RECORDS FOR THE TASK:

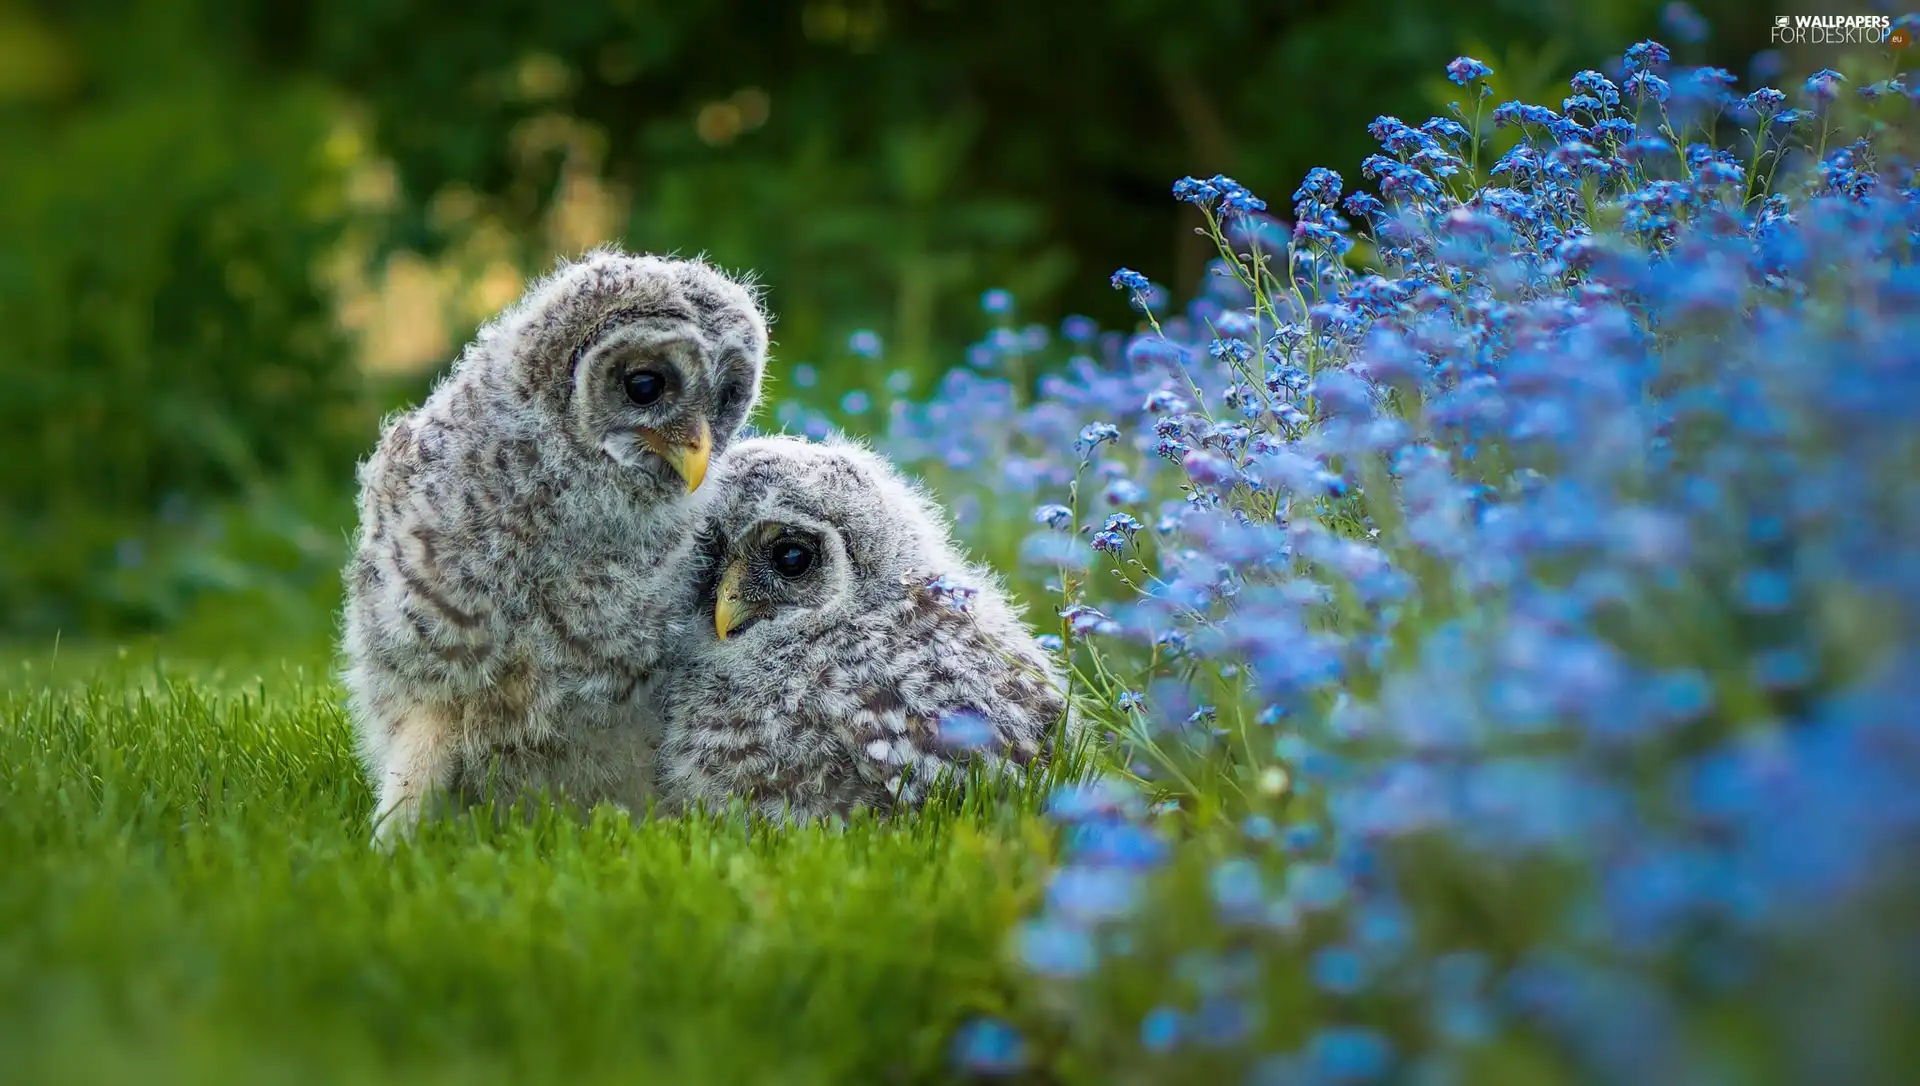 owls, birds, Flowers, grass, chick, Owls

* * *

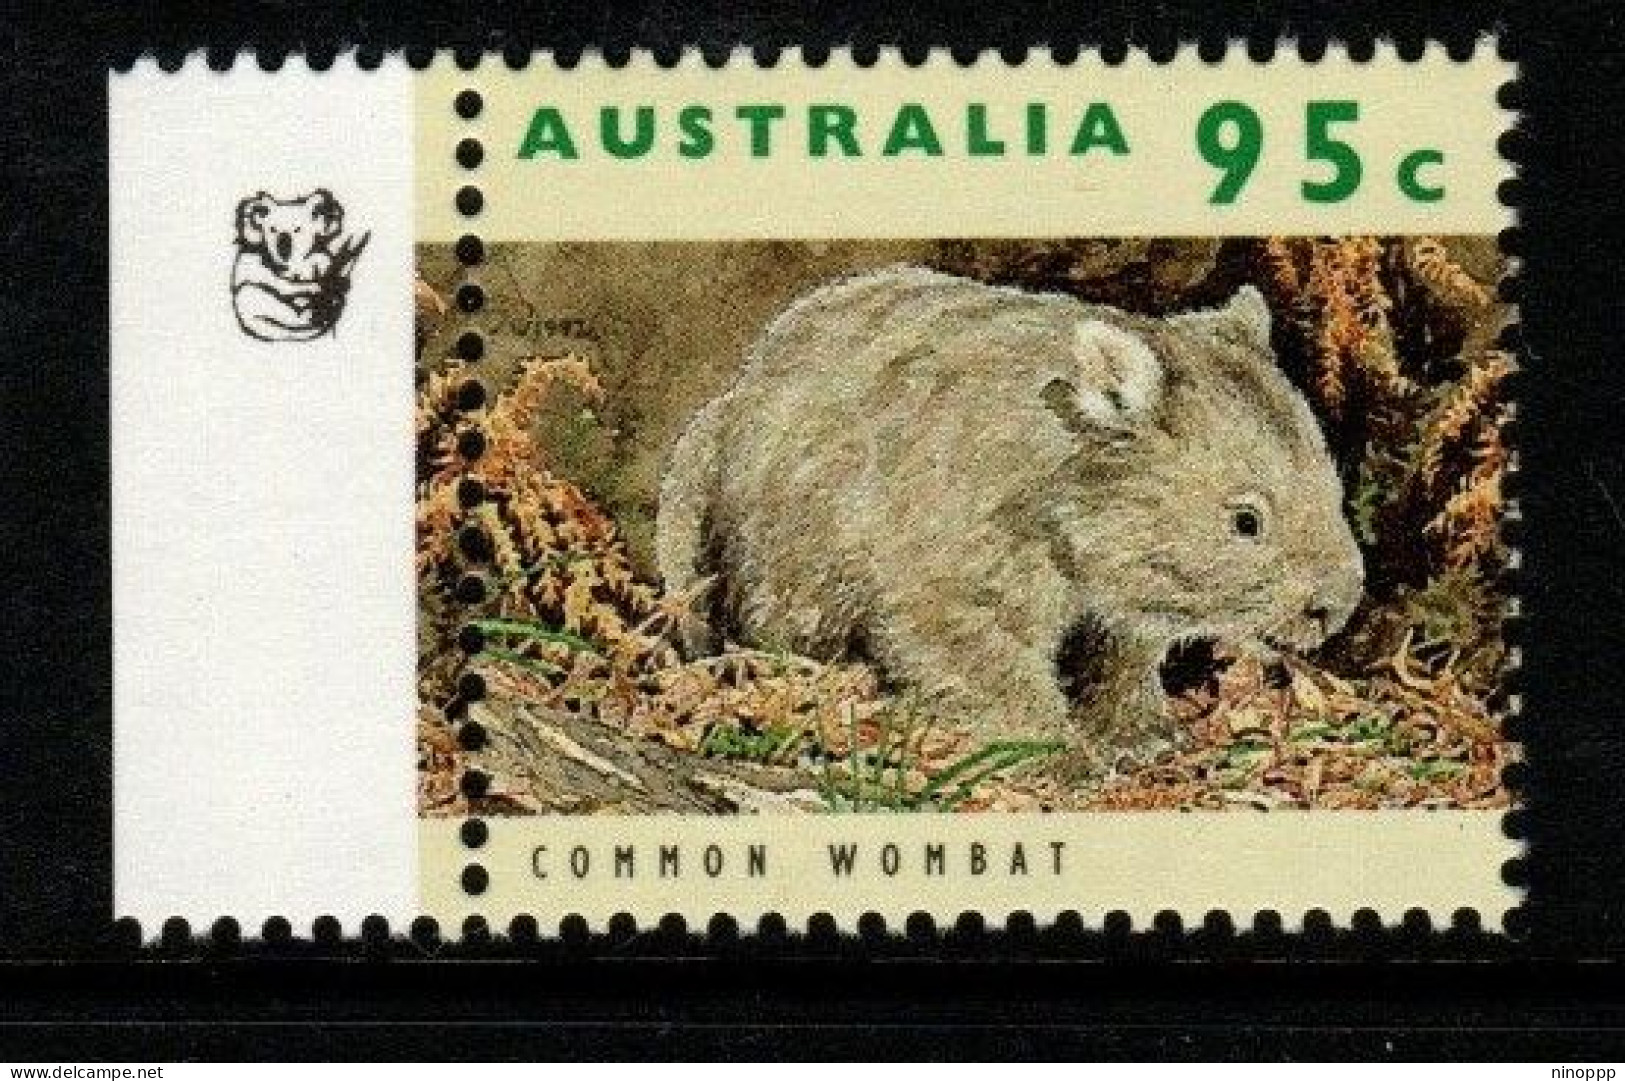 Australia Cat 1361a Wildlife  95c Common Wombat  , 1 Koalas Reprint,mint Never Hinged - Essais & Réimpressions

==

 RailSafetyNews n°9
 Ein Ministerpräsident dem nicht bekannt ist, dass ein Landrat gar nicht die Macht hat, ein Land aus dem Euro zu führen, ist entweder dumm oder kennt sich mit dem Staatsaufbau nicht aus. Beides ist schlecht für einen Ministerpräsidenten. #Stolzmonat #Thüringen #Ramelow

WHAT TO PRODUCE:
Above this instruction are the records; retype exactly the lines from the one containing "RailSafetyNews n°9" up to and including the one containing "Ein Ministerpräsident dem".

RESPONSE AREA:
 RailSafetyNews n°9
 Ein Ministerpräsident dem nicht bekannt ist, dass ein Landrat gar nicht die Macht hat, ein Land aus dem Euro zu führen, ist entweder dumm oder kennt sich mit dem Staatsaufbau nicht aus. Beides ist schlecht für einen Ministerpräsidenten. #Stolzmonat #Thüringen #Ramelow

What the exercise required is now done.